„Do dnia konferencji prasowej nie wpłynęło żadne zawiadomienie ws. gróźb wobec premiera Donalda Tuska” – poinformowała według niezależnej.pl Prokuratura Okręgowa w Gdańsku. Zespół prasowy Komendy Wojewódzkiej Policji w Gdańsku również przyznaje, że nie wpłynęło żadne zgłoszenie w tej sprawie. O zawiadomieniach nie wie też nic Prokuratura Okręgowa w Warszawie.

"Twoje bękarty zdechną, a ty zostaniesz zabita... rozszarpana na strzępy wraz z całą rodziną. Jesteście parszywym pomiotem smoleńskiego mordercy” – czytał premier na konferencji prasowej.  „Przekaż ryżemu kundlowi, że zostanie zabity za mord smoleński (...) Bo ścierwo ryżego kundla musi być wytępione do pięciu pokoleń”.

Jeżeli smsy, które cytował Donald Tusk były prawdziwe, to dlaczego policja jeszcze nie ściga ich autorów?
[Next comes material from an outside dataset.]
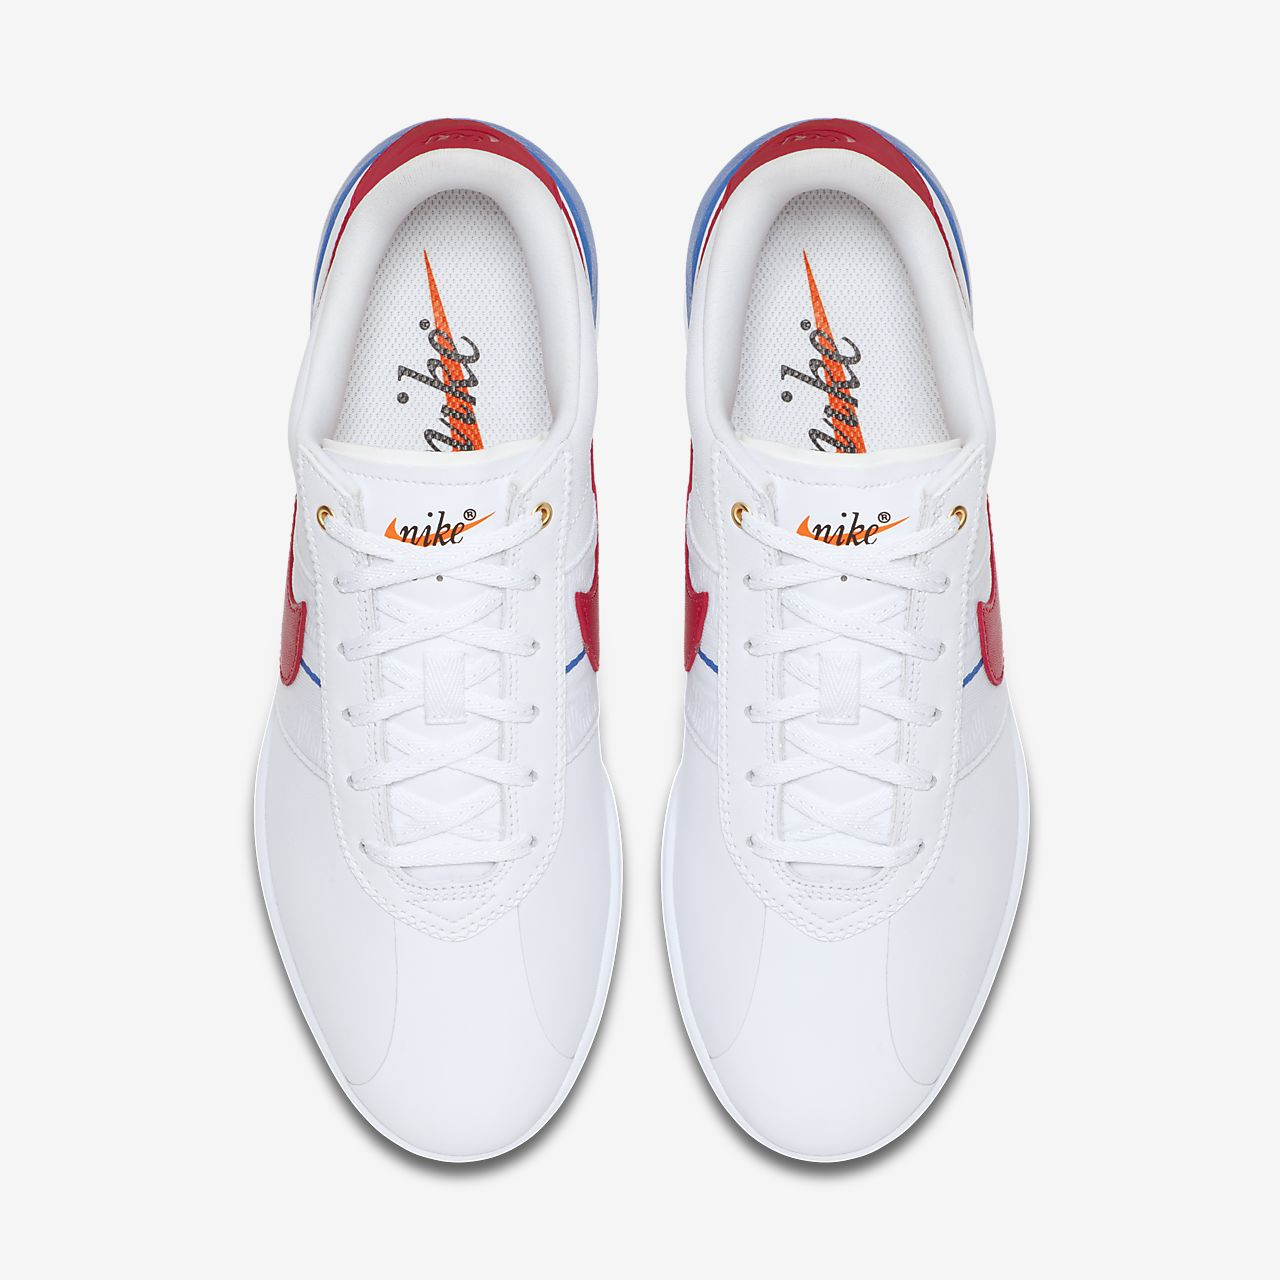 b8142f6602b Женские кроссовки для гольфа Nike Cortez G. Nike.com RU

Kancelaria premiera twierdzi, że „w takich sprawach zawiadamiany jest BOR i on koordynuje wszystkie działania”.

Przypomnijmy, że dwa z trzech smsów, jakie odczytał szef rządu, zawierały wzmianki o Smoleńsku. Jest więc prawdopodobne, że cała akcja miała charakter wyłącznie propagandowy.